(Novella X)
LA SCIMMIA TAGLIALEGNA
T
AGLIAVA sopra il monte di Chiavello un boscaiuolo certe legne per ardere e come è usanza de' così fatti, volendo fendere un querciuolo assai ben grosso, montato sopra l'un de' capi co' piedi, dava sull'altro colla scure di gran colpi, e poi metteva nella fenditura che faceva, certo conio, perché e' la tenesse aperta, e acciocché meglio ne potesse cavar la scure, per darvi su l'altro colpo; e quanto più fendeva il querciuolo, tanto metteva più giù un altro conio, col quale e' faceva cadere il primo, e dava luogo alla scure che più facilmente uscisse della fenditura; e così andava facendo di mano in mano, fino a che egli avesse diviso il querciuolo. Poco lontano, dove questo omiciatto faceva questo esercizio, alloggiava una scimia, la quale avendo con grande attenzione mirato tutto quel che 'l buono uomo aveva fatto, quando fu venuta la ora del far colazione, e che 'l tagliatore, lasciati tutti li suoi istrumenti sul lavoro, se ne fu ito a casa, la scimia, senza discorrere il fine, si lanciò subito alla scure, e misesi a fendere uno di quei querciuoli; e volendo far né più né meno che s'avesse veduto fare al maestro, accadde, che cavando il conio della fenditura, né si accorgendo di metter l'altro più basso, acciocché il querciuolo non si rinchiudesse, il querciuolo si riserrò, e nel riserrarsi, e' le prese sprovvedutamente l'un de' piedi in modo, che egli vi rimase attaccato con esso, facendo, per lo stremo dolore che subito li venne, quei lamenti, che voi medesimi vi potete pensare.
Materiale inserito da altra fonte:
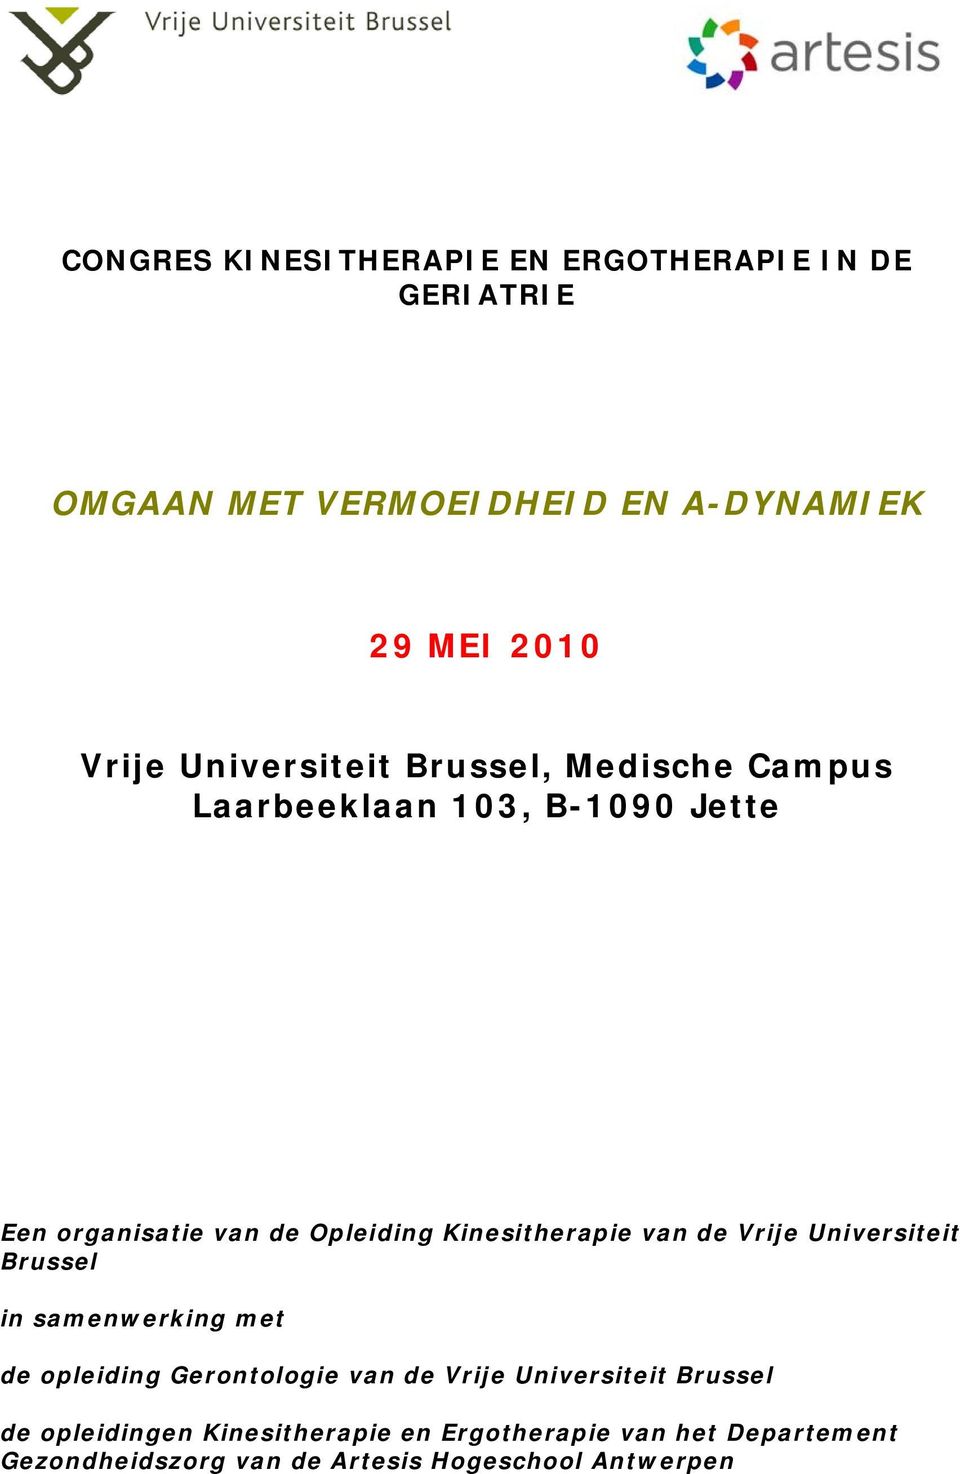 Kinesitherapie van de Vrije Universiteit Brussel in samenwerking met de opleiding Gerontologie van de Vrije

Al romor de' quali corse subito il tagliatore, e vedendo lo incauto animale così rimasto, come villan ch'egli era, in cambio di aiutarlo, li diede della scure sulla testa sì piacevolmente, che al primo colpo li fece lasciar la vita su quel querciuolo: e così s'accorse il pazzerello, che mal fanno coloro, che voglion far, come si dice, l'altrui mestiero.